5. Section 12022.53 enhancement
Section 12022.53, subdivision (e), sets the punishment for an aider and abettor of a gang murder committed with a gun. Appellant contends aiders and abettors of shootings committed to benefit criminal street gangs are similarly situated to aiders and abettors of shootings committed in concert with criminal organizations or groups which are not defined as a street gang and so section 12022.53 violates equal protection by punishing gang aider and abettors more severely.
Appellant acknowledges that Division Seven of this District Court of Appeal has rejected this claim in People v. Hernandez (2005) 134 Cal.App.4th 474. He contends that Hernandez is wrongly decided and urges us not to follow it. Specifically, he contends that the decision in Hernandez ignores the holding of People v. Olivas (1976) 17 Cal.3d 236, 250. We do not agree. We see no error in the reasoning of Hernandez and decline appellant's invitation to reject the case.
6. Custody credit
Appellant contends that he is entitled to one additional day of custody credit. Respondent agrees. We agree as well. Appellant was arrested on August 9, 2009 and sentenced on June 21, 2011. That is a period of 682 days. He only received credit for 681 days. Accordingly, we order the custody amount corrected on appeal. (See People v. Duran (1998) 67 Cal.App.4th 267, 270.)
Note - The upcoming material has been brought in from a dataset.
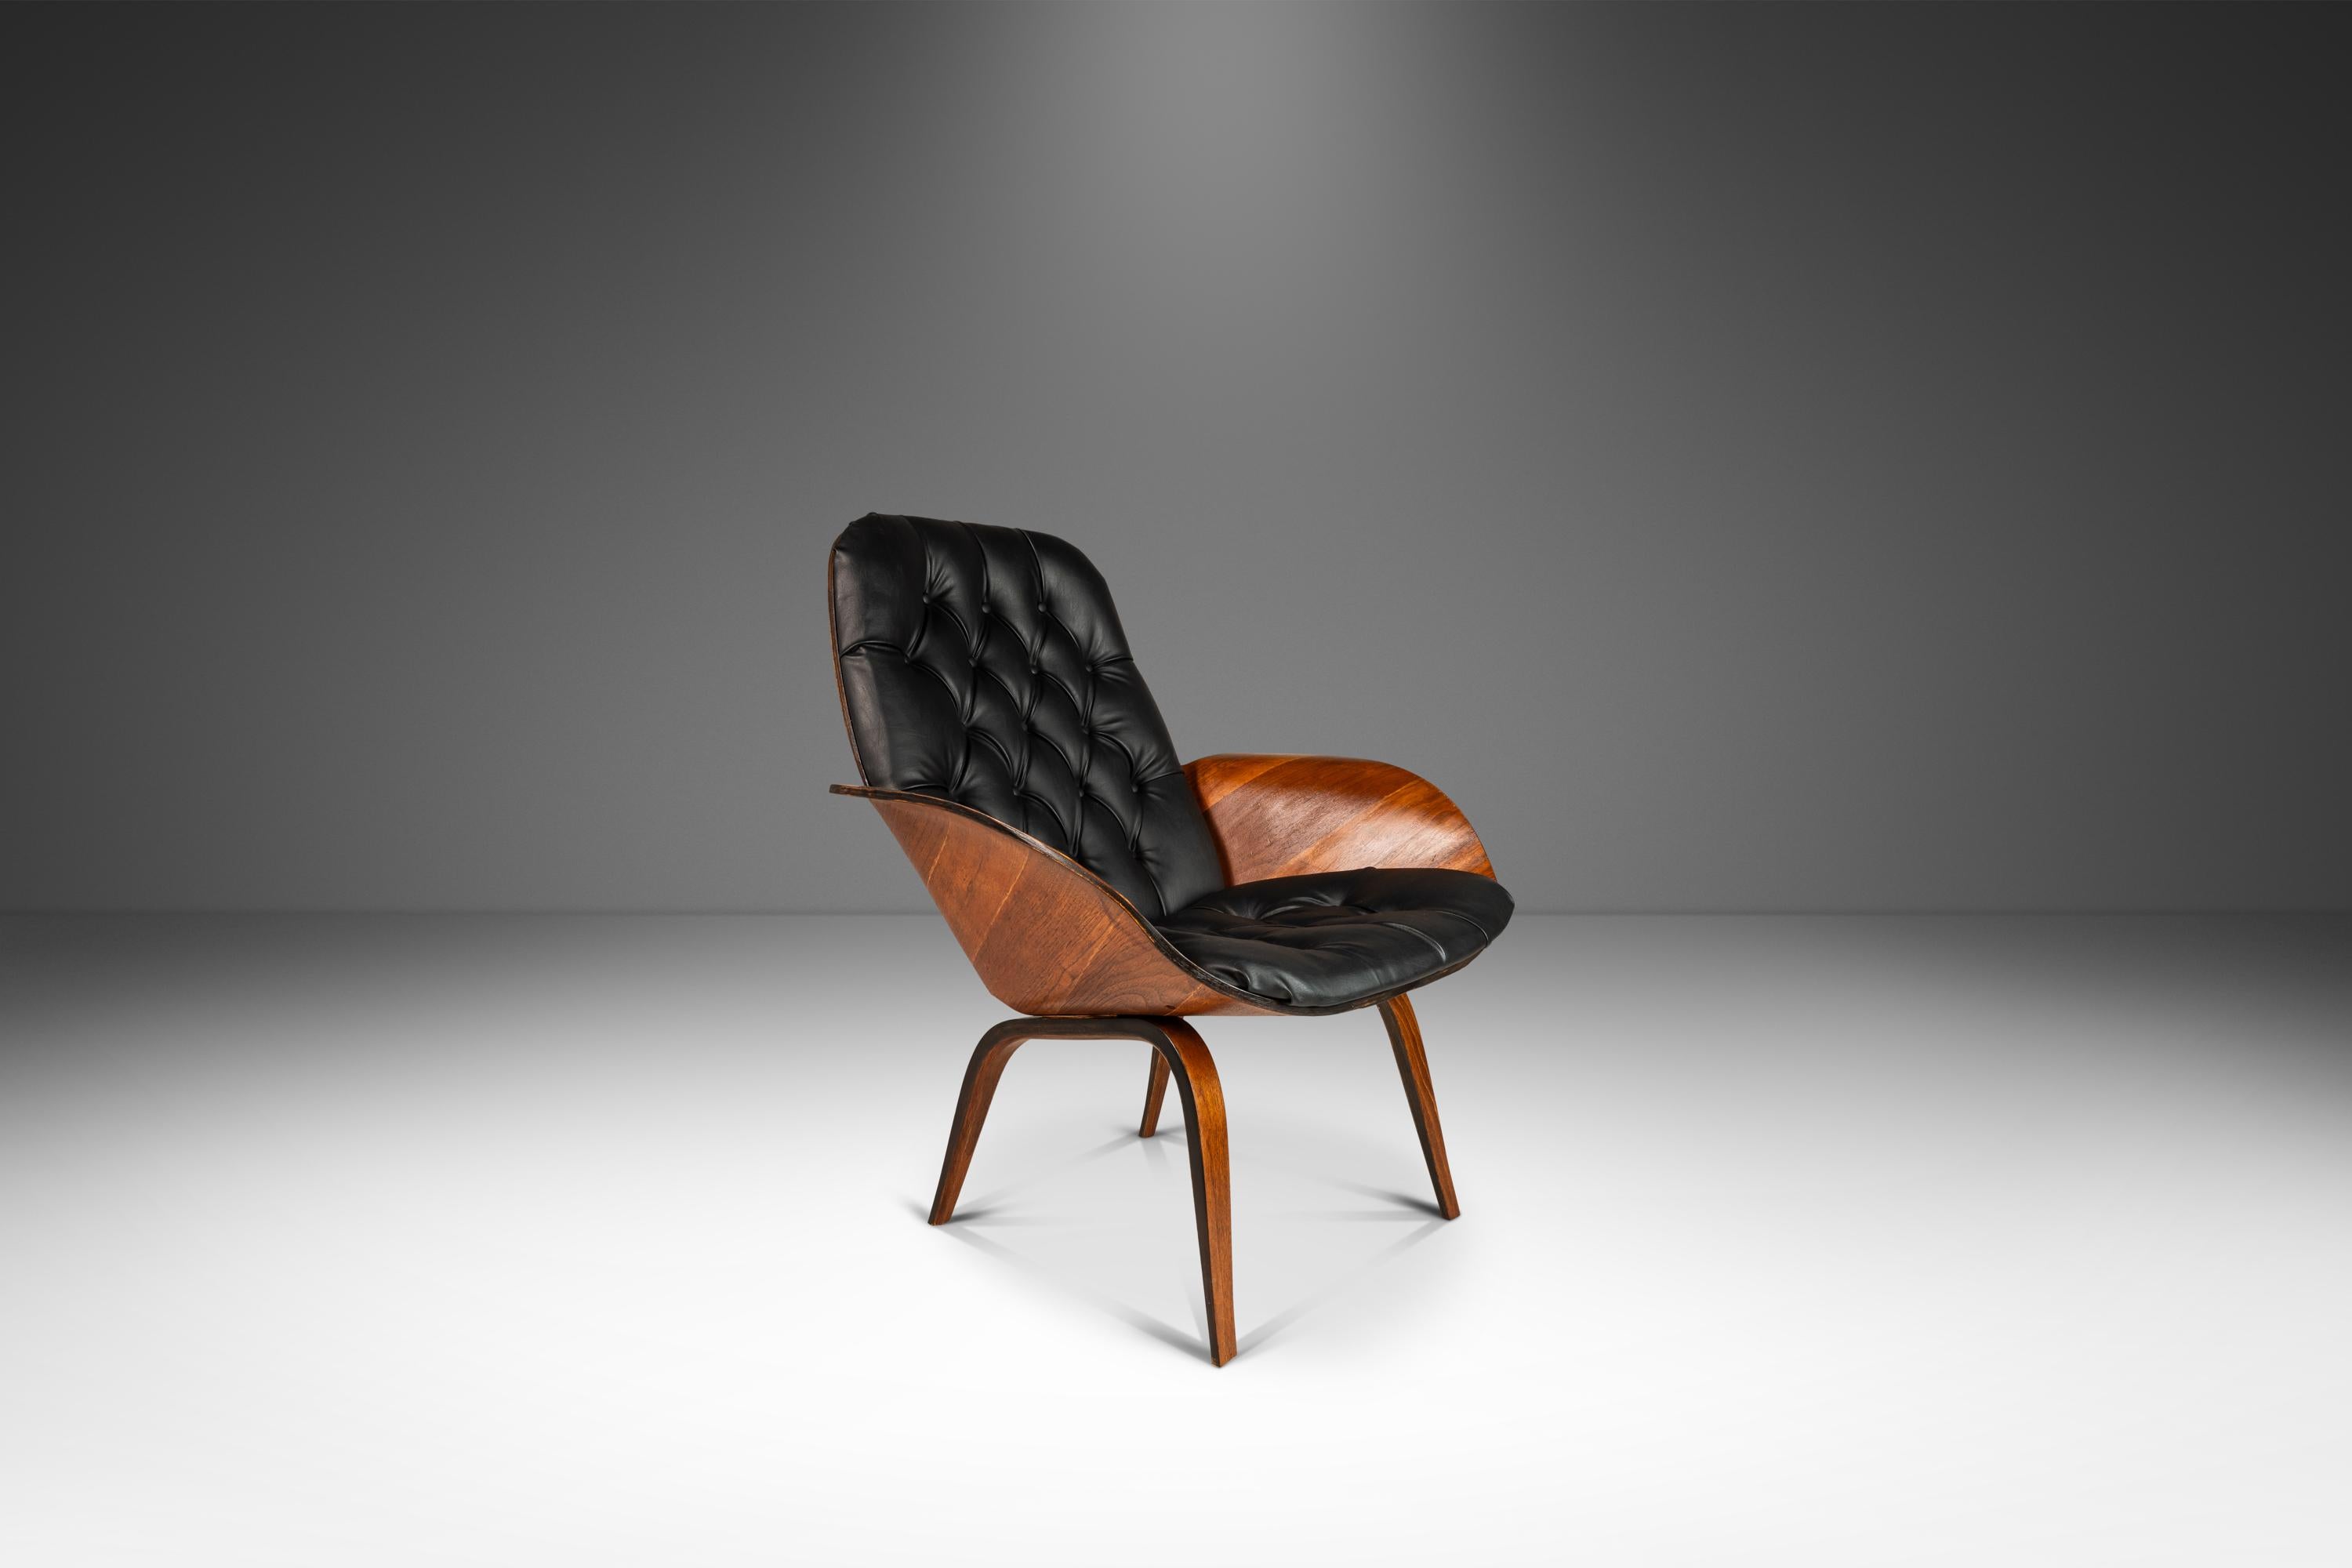 Mrs. Lounge Chair in Walnut & Vinyl by George Mulhauser for Plycraft, c. 1960s For Sale 5

We order appellant's custody credits corrected to 682 days. The clerk of the superior court is instructed to prepare an amended abstract of judgment reflecting this correction. The judgment of conviction is affirmed in all other respects.
MOSK, J., concur.
KRIEGLER, J., Concurring.
I concur in the judgment but would also reach the issue of forfeiture based on defendant's failure to object to CALJIC No. 3.00. I would follow People v. Samaniego (2009) 172 Cal.App.4th 1148, 1163 and hold the contention was forfeited by the absence of a request to modify the instruction.